I met Yasu at the Japan Council of Local Government Authorities for International Relations (CLAIR) in Sydney a few years ago. With his posting over and a trip to Tokyo coming up for Veronica and I, some loose arrangements were made to meet up.

Without knowing much about each other, I opted for informality and the prospect of lots of food and adult beverages by suggesting that we go to Yasu’s favourite izakaya.

And what a damn fine night we had at IZAKAYA たいと (I don’t know what is says, but I gather it is an amalgam of the two operators names). When Yasu’s personal Japanese whisky bottle is bought over to the table, the prospects were good that things came only go up from there. Little did I know that Yasu has been eating at this place for 15 years!
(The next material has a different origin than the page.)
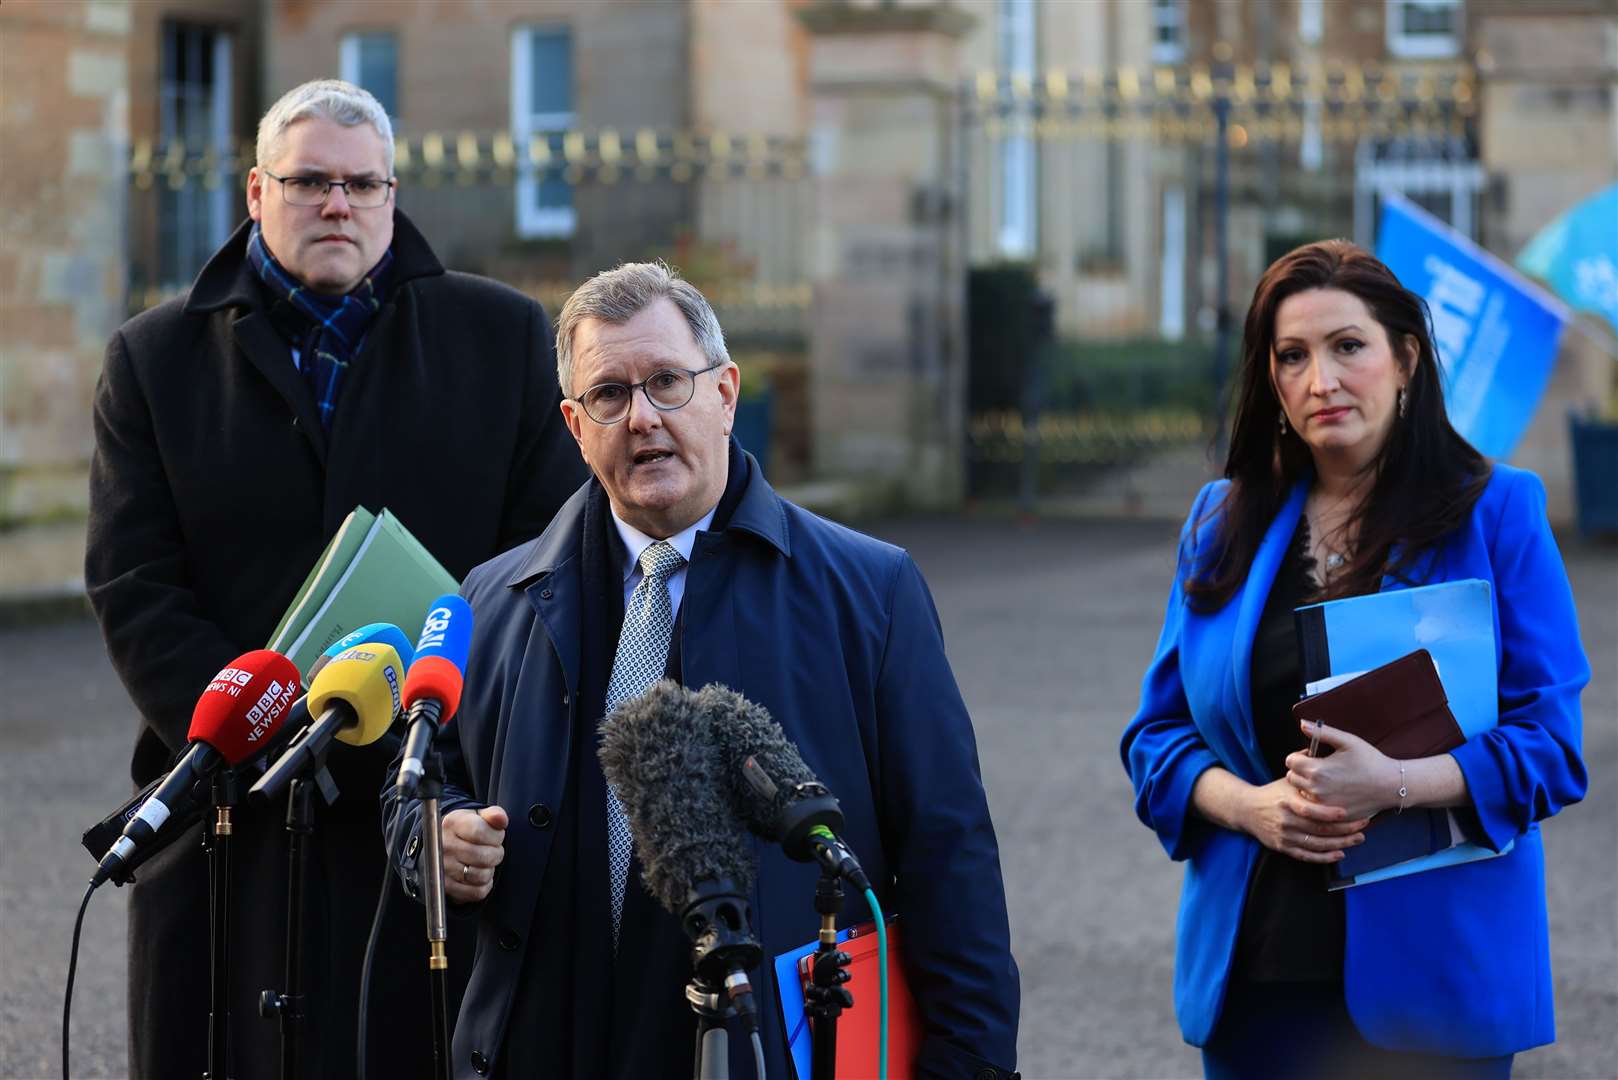 DUP leader Sir Jeffrey Donaldson, centre, with fellow party officers Emma Little-Pengelly and deputy leader Gavin Robinson (PA)

Rounds of delicious foods were delivered, selected by by Yasu and Chie and by the operators – their special dishes for a favourite local and us blow-ins. The good range of food much was more that a typical izakaya. Great conversations about work, families, politics, golf, soccer, teaching, history and culture.

A really nice night. Thank you Yasu and Chie.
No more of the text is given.